Demystifying Reasoning Models

Introduction

An LLM reasoning model is a specialized architecture that enables large language models (LLMs) like ChatGPT’s o1 or DeepSeek’s R1 to perform structured, multi-step reasoning.

Unlike traditional LLMs that generate responses in a single pass, thinking models break down complex tasks by generating token thought into iterative steps—planning, acting, observing, and refining—to mimic systematic human problem-solving.

Reasoning models are pre-trained on text containing human-written thoughts, which are hence encoded into the model.

Reasoning models introduce explicit reasoning loops, tool integration, and stateful memory to improve accuracy and adaptability. These frameworks bridge the gap between raw generative potential and goal-oriented execution, enabling LLMs to tackle tasks like coding, advanced math, or strategic planning with human-like deliberation.

How are reasoning models trained?

One of the techniques used is Thought Preference Optimization.

The process starts by prompting the LLM to generate thoughts before its response. After sampling different outputs, the response parts are fed to the judge model(can be a tool like code execution not only model), which determines the best and worst ones. The corresponding full outputs are then used as chosen or rejected pairs for DPO optimization. Multiple iterations of this training are performed.

This technique may cause the evaluated model to converge towards the judge model, which can lead to a lack of diversity in the model and potentially result in overfitting to the judge model’s biases.

How do they actually work (Reasoning Loops)?

Reasoning models operate in loops rather than linear sequences.

When the user runs a prompt, a pre-pended thought prompt is used to instruct the model to generate reasoning (or “thought”) tokens. These thoughts represent intermediate steps or considerations made by the model while solving a problem or approaching a task. The LLM processes these thoughts to generate a response.

The response is then evaluated against the task’s goal or expected outcome. If the response doesn’t align with the task goal, the reasoning model iterates. During each iteration, the model generates new thoughts (or refines the previous ones) and re-runs the reasoning process. This continues until the generated response satisfies the task’s goal or requirement.

Here’s an example of how this iterative reasoning process unfolds:

Plan: Break a goal into subtasks (e.g., “Solve this equation step-by-step”).

Act: Use tools (code execution, web search) or internal reasoning to address each subtask.

Observe: Evaluate results for errors or inconsistencies.

Refine: Adjust the approach and repeat until the goal is met.

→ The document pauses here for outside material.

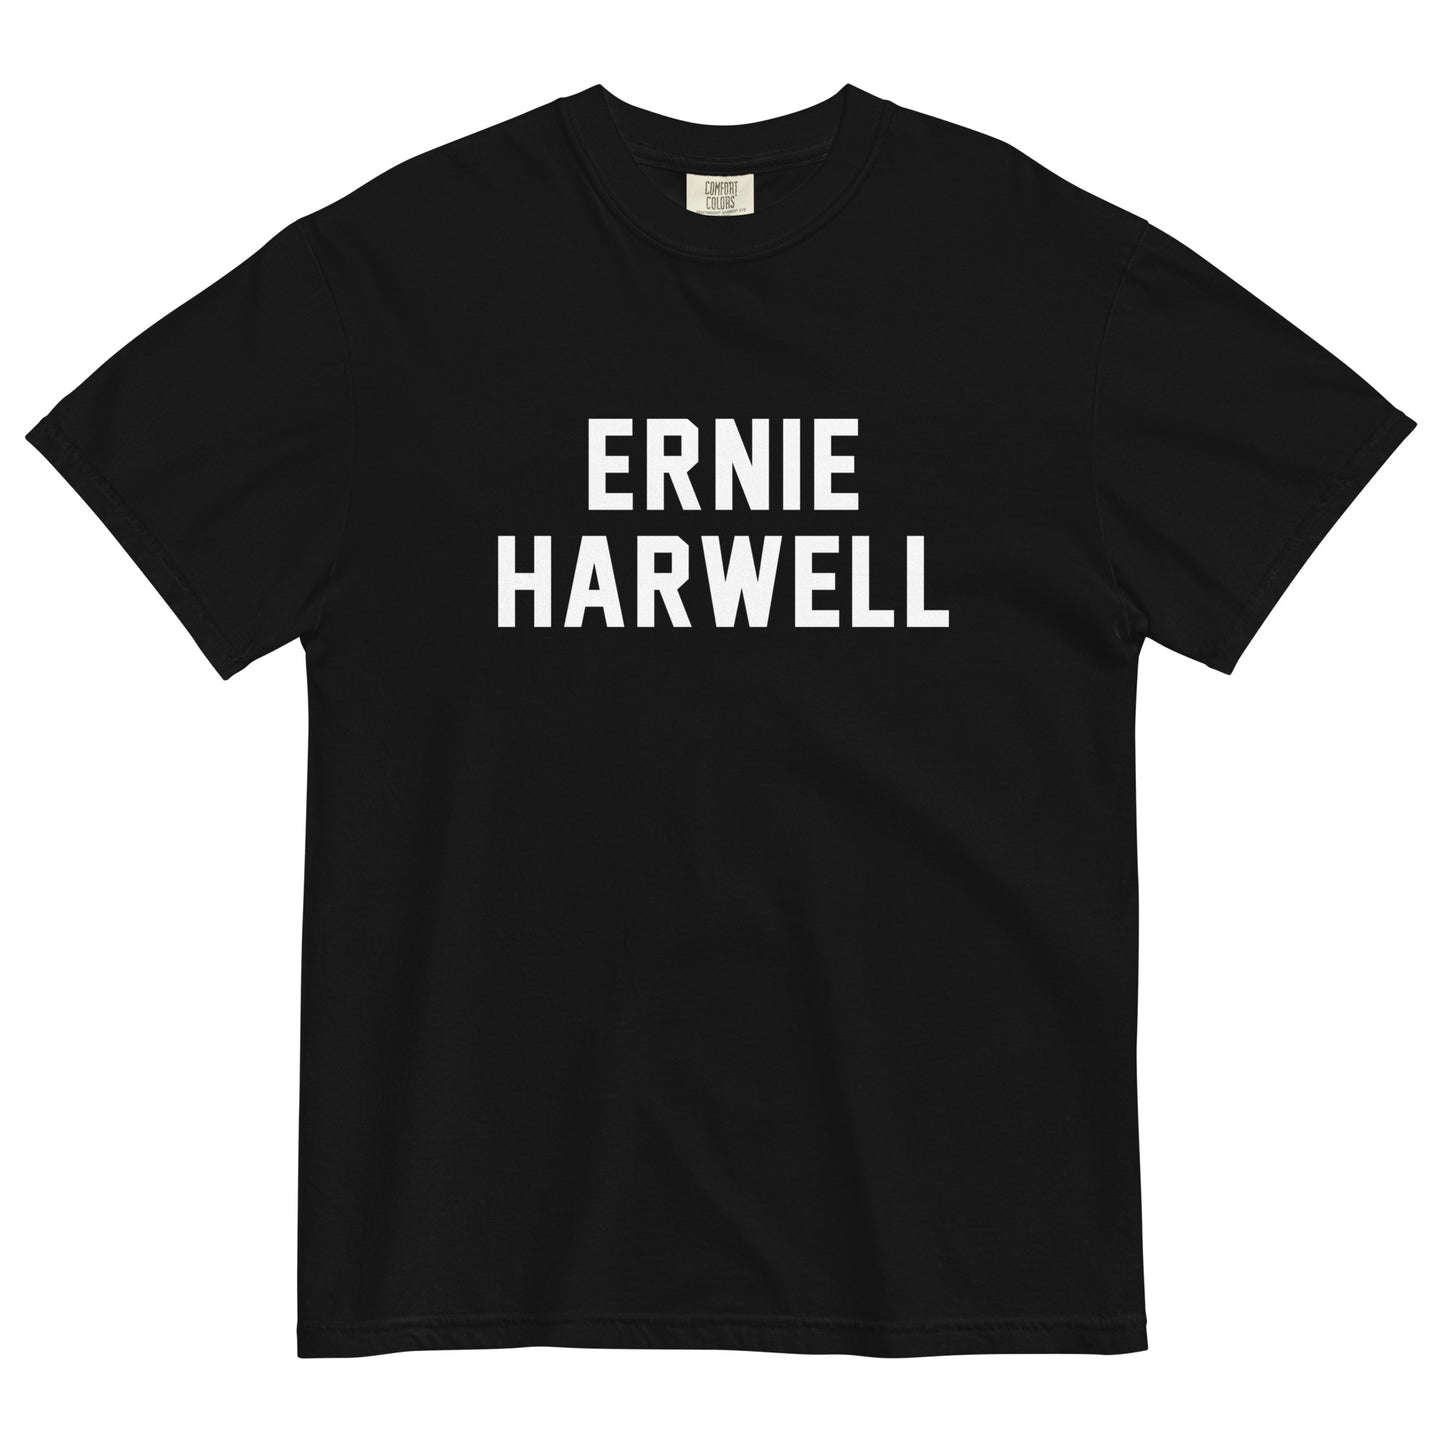 ERNIE HARWELL

ChatGPT’s o1 model, for instance, uses a Tree of Thought (ToT) framework to explore multiple reasoning paths in parallel, pruning incorrect branches and retaining viable solutions.

Demo

Standard model: When asked to solve “2x + 4 = 12,” it may directly output “x = 4” without showing steps.

Reasoning Model: Breaks the problem down step by step:

<think>

To solve the equation 2x+4=12, I'll start by isolating the term with the variable.

First, I'll subtract 4 from both sides of the equation to eliminate the constant term on the left side.

This gives me 2x=8.

Next, I'll divide both sides by 2 to solve for x.

Finally, I find that x=4.

<think>

And when we ask for a slightly complex equation (6x + 4 = 12), it generates a lot of thinking tokens.

The tokens (words) between the <think> block are considered the internal thoughts of the model and are not considered part of the response.

Here’s a demo running DeepSeek R1 locally with Ollama and OpenWebUI.

Tool Integration

These reasoning models enhance raw text generation by incorporating external tools, enabling more sophisticated and context-aware outputs.

Code execution: Build and execute code within specified runtimes

Web search: Crawl data on behalf of the user, incorporating relevant information into the context to generate more precise and grounded responses.

Memory: Retain context across interactions, such as tracking variables or states in multi-step problems.

Difference between a thinking model and traditional LLMs

The standard LLM makes a single request pass to generate content, whereas the Reasoning Model iterates until it is satisfied with the result, requiring state management between iterations. This process reduces hallucinations by self-correcting the response.

In this process, tools can be involved while generating the response, with the drawback of adding more delay to the request.

Conclusion

LLM reasoning models like o1 from OpenAI and R1 Deepseek represent a paradigm shift—from generating text to engineering thought. However, challenges such as latency, unpredictability, and tool dependency arise.

Latency is a concern as these models are slower due to iterative loops, while unpredictable outcomes may occur in complex tasks, leading to inconsistent reasoning paths.

Performance also heavily depends on the quality of integration, such as code execution environments. These models trade speed for precision, making them ideal for technical domains like coding, data analysis, or research.

Their effectiveness relies on carefully designed prompts, robust tooling, and controlled environments.

As they evolve, LLMs will blur the line between human and machine reasoning, but mastery will require understanding their “cognitive” architecture—how they process information and make decisions.